In this sunny, gorgeous weekend, I’m thrilled to join the group event Soup Saturday. This month our assignment was designed by Kathy from A Spoonful of Thyme, and she chose International Soups as the theme. I considered visiting my home country, but for some reason lately I’ve been absolutely mesmerized by all things Middle Eastern. Their spices, their sweets, their teas, they all fascinate me. After intense research, I went with a comforting butternut squash soup.
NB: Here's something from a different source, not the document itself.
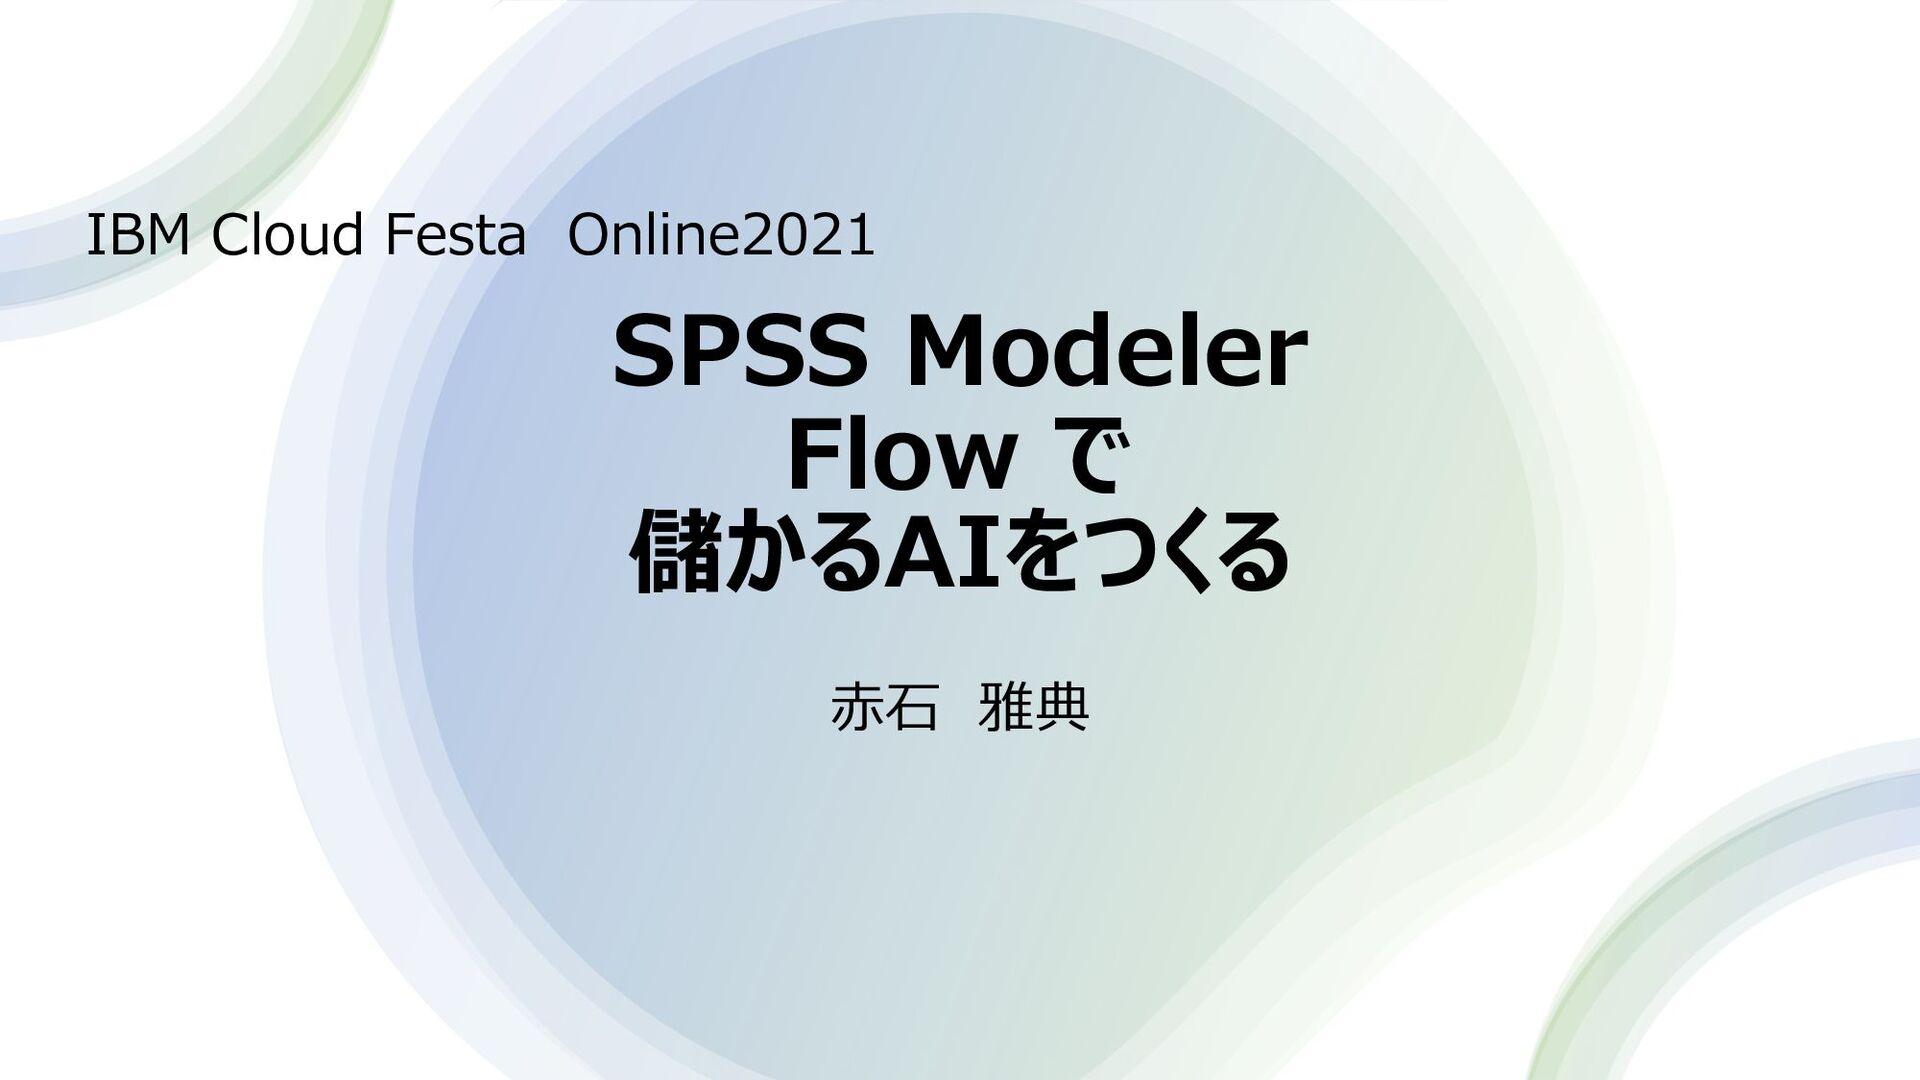 SPSS Modeler Flow で 儲かるAIをつくる IBM Cloud Festa O...
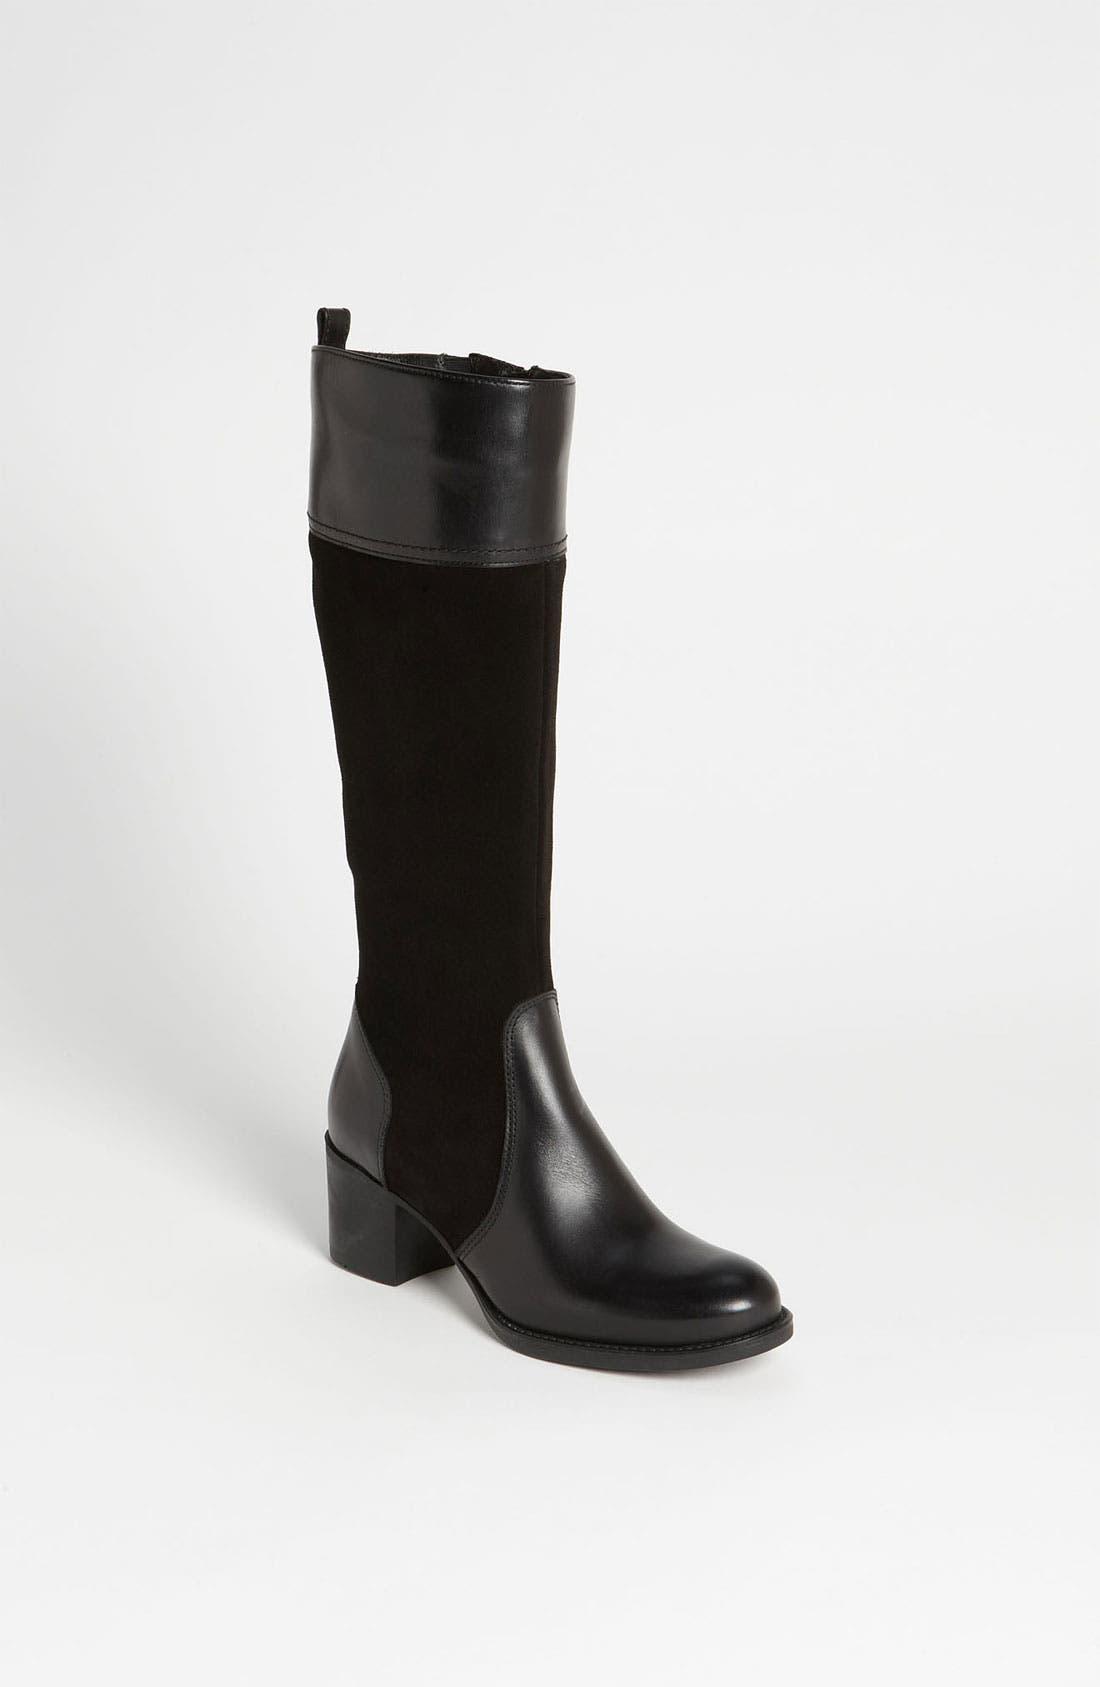 Alternate Image 1 Selected - La Canadienne 'Pierre' Boot

PERSIAN BUTTERNUT SQUASH SOUP
(adapted from The Saffron Tales)
for the soup:
2 tbsp sunflower oil
1 medium shallot, finely chopped
¼ tsp coriander seeds
¼ tsp cumin seeds
1 butternut squash, cut in chunks
2 dried limes
3 cups water
1 tablespoon butter
2 tablespoons yogurt
1 tbsp pomegranate molasses
salt and black pepper to taste
for topping:
Greek yogurt
pomegranate seeds (optional)
toasted sunflower seeds
Heat the sunflower oil in a large saucepan. Add the shallots and cook gently until soft and fragrant. Toast the coriander and cumin seeds in a small pan over low heat for a minute, then grind them with a pestle and mortar. Reserve. Add the butternut pieces to the pan with the sautéed shallot, then sprinkle the toasted ground spices, and stir well. Close with a lid and simmer for 5 minutes or so.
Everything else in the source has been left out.